**TASK INSTRUCTIONS**
When you write out the listing, keep every character and omit the pictures.

**DATA SHOWN**
◇ ◇ ◇ ◇
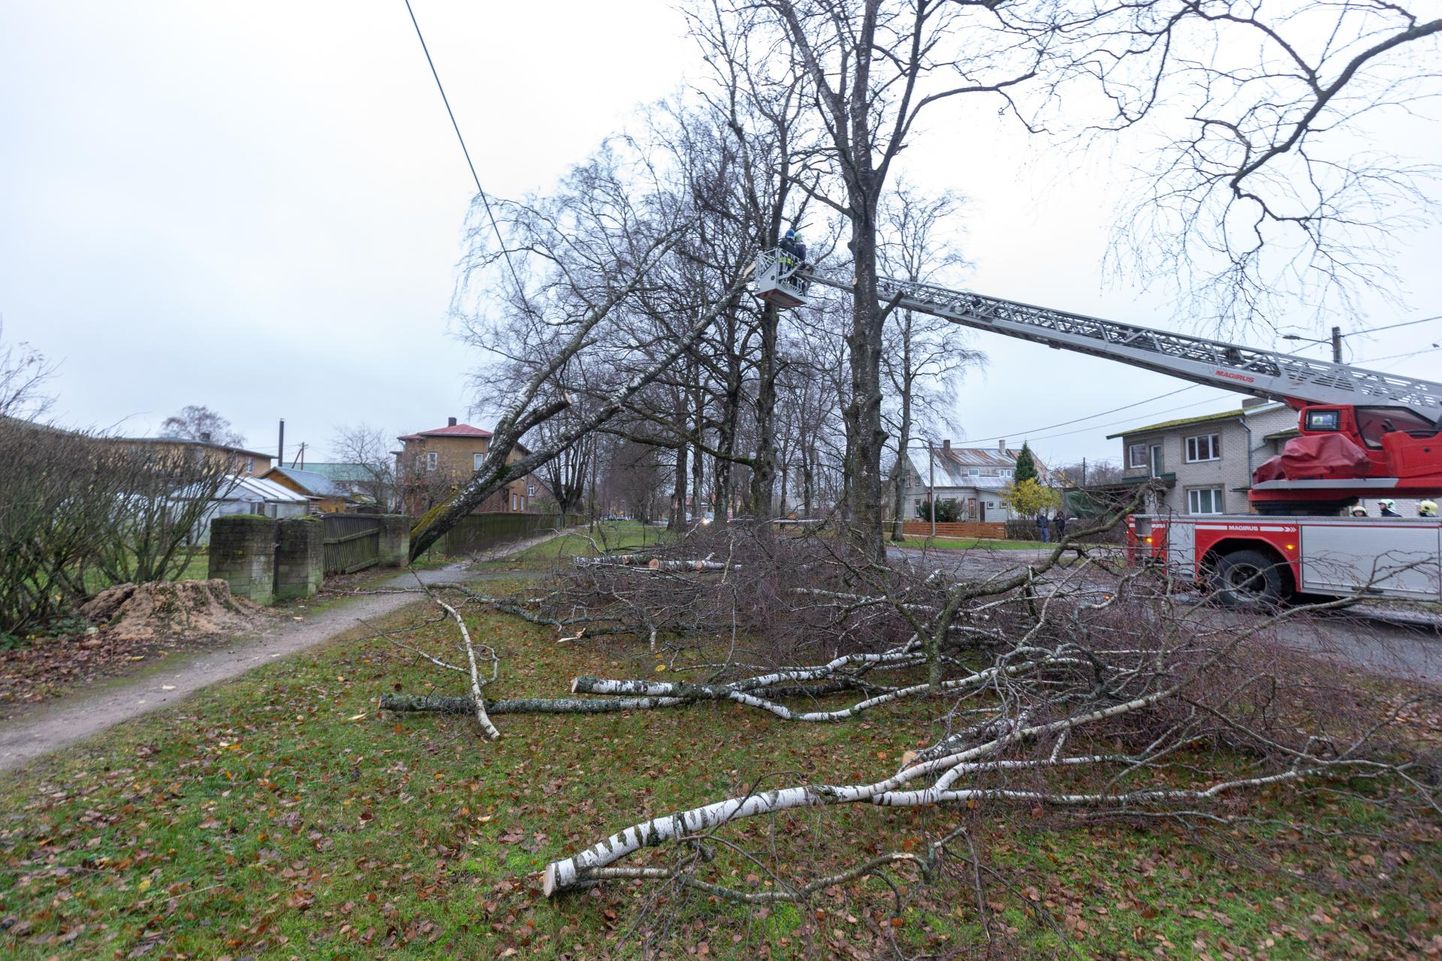 Elektrikatkestuste tekkimise peapõhjus olid puud, mis kukkusid elektriliinidele. Pilt on tehtud 27. oktoobril Viljandis.
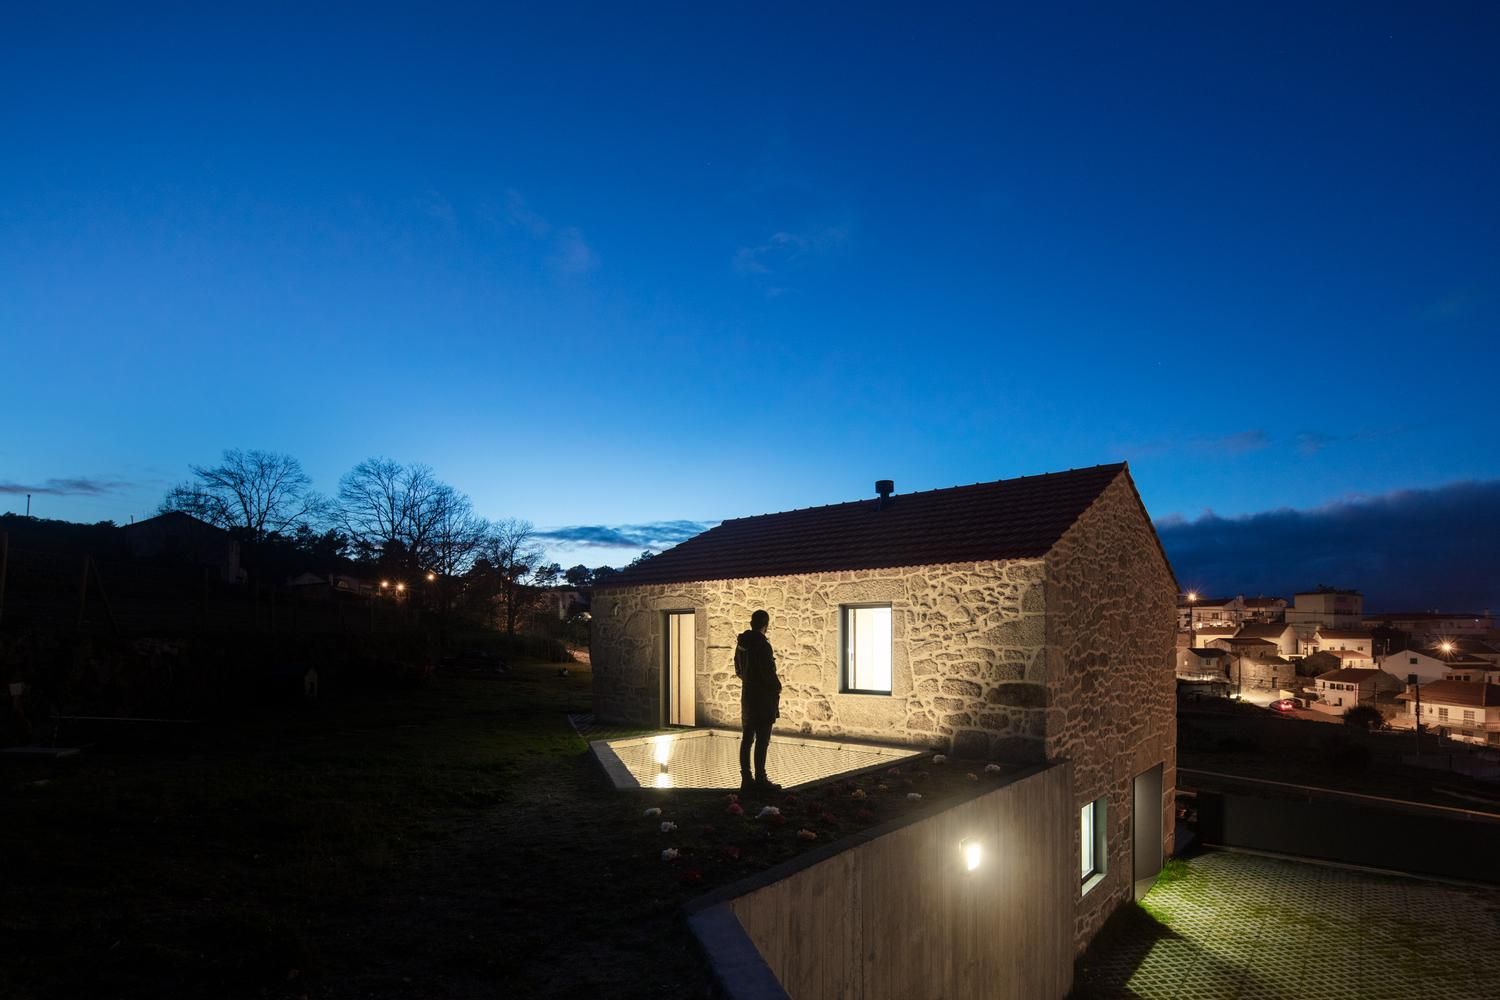 Ради безопасности: в Португалии построили жилье с рыболовной сеткой над двором – фото
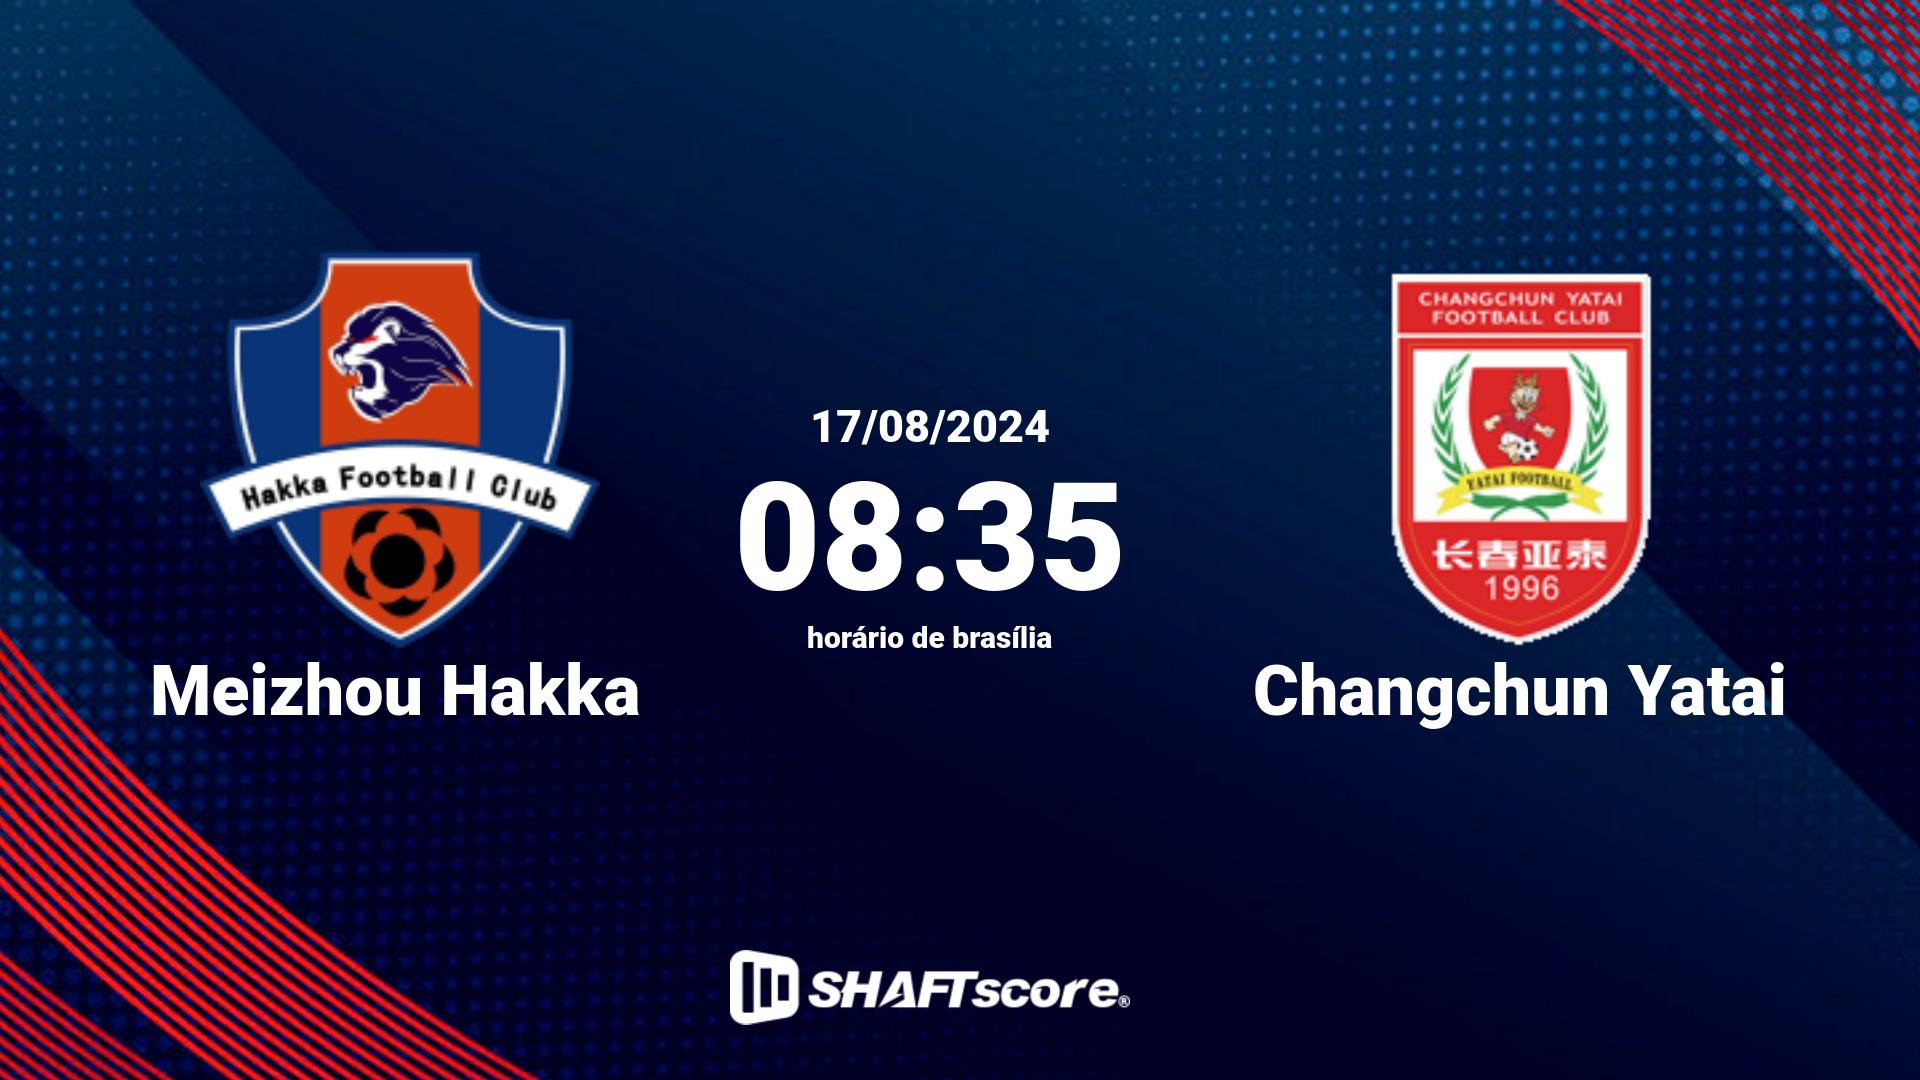 Estatísticas do jogo Meizhou Hakka vs Changchun Yatai 17.08 08:35
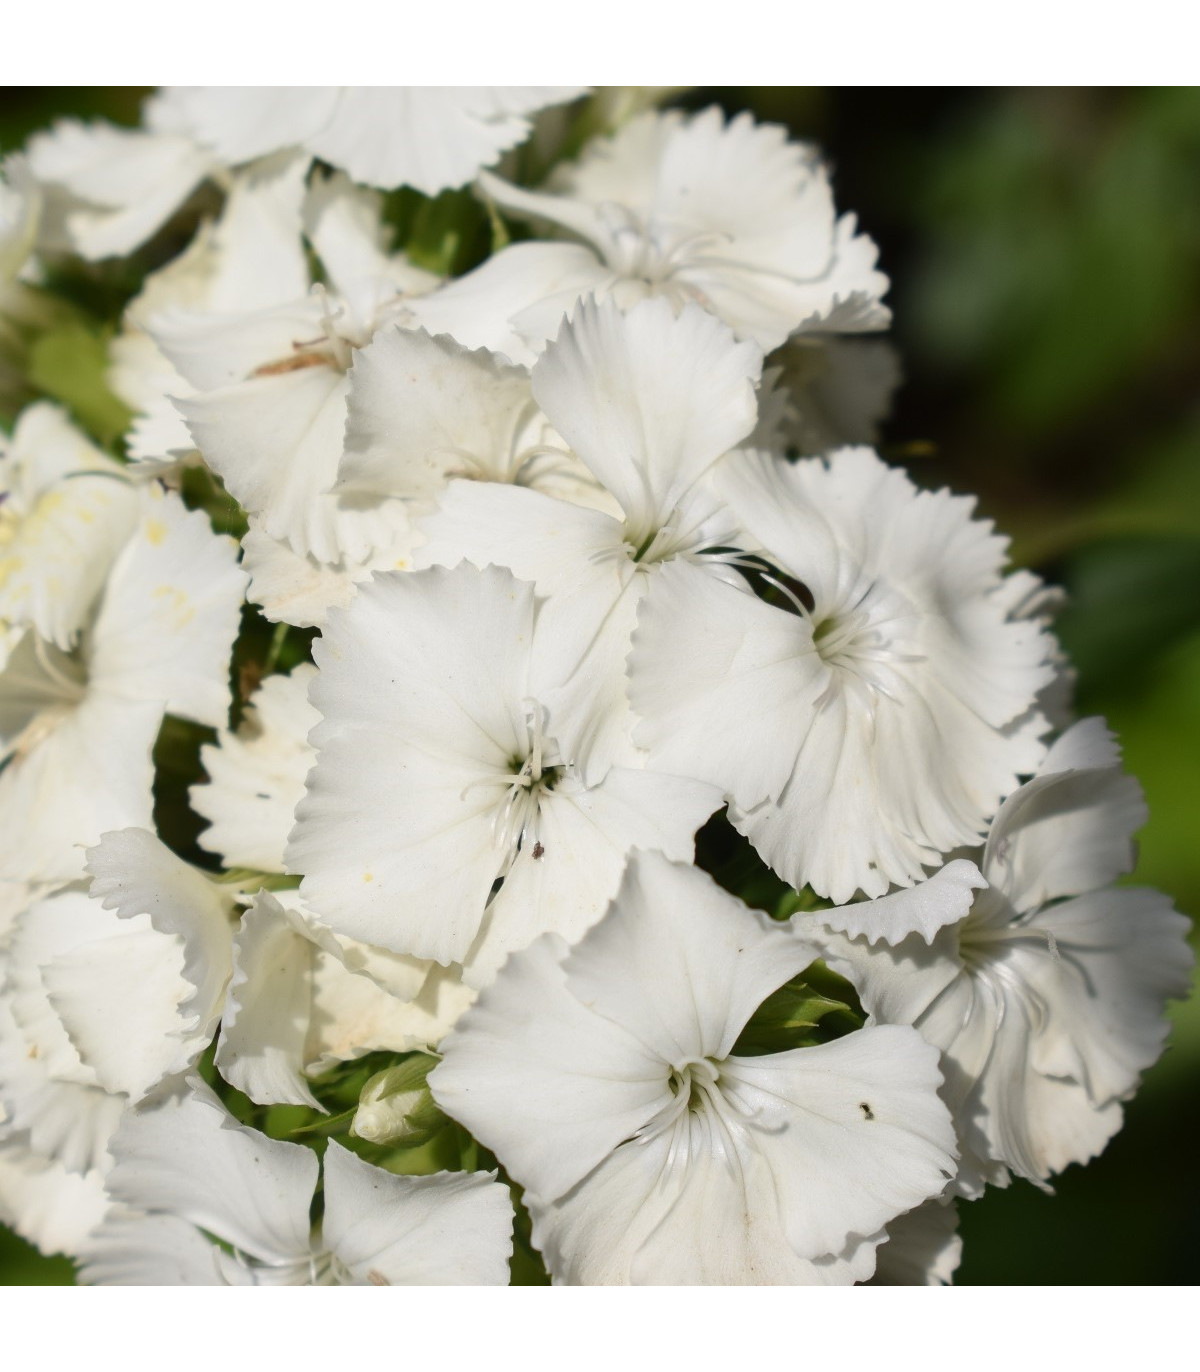 Klinček fúzatý Sweet William - Dianthus barbatus - semená klinčeka - 150 ks
◇ ◇ ◇ ◇
**ANSWER TO THIS EXERCISE**
 Elektrikatkestuste tekkimise peapõhjus olid puud, mis kukkusid elektriliinidele. Pilt on tehtud 27. oktoobril Viljandis.
 Ради безопасности: в Португалии построили жилье с рыболовной сеткой над двором – фото
 Estatísticas do jogo Meizhou Hakka vs Changchun Yatai 17.08 08:35
 Klinček fúzatý Sweet William - Dianthus barbatus - semená klinčeka - 150 ks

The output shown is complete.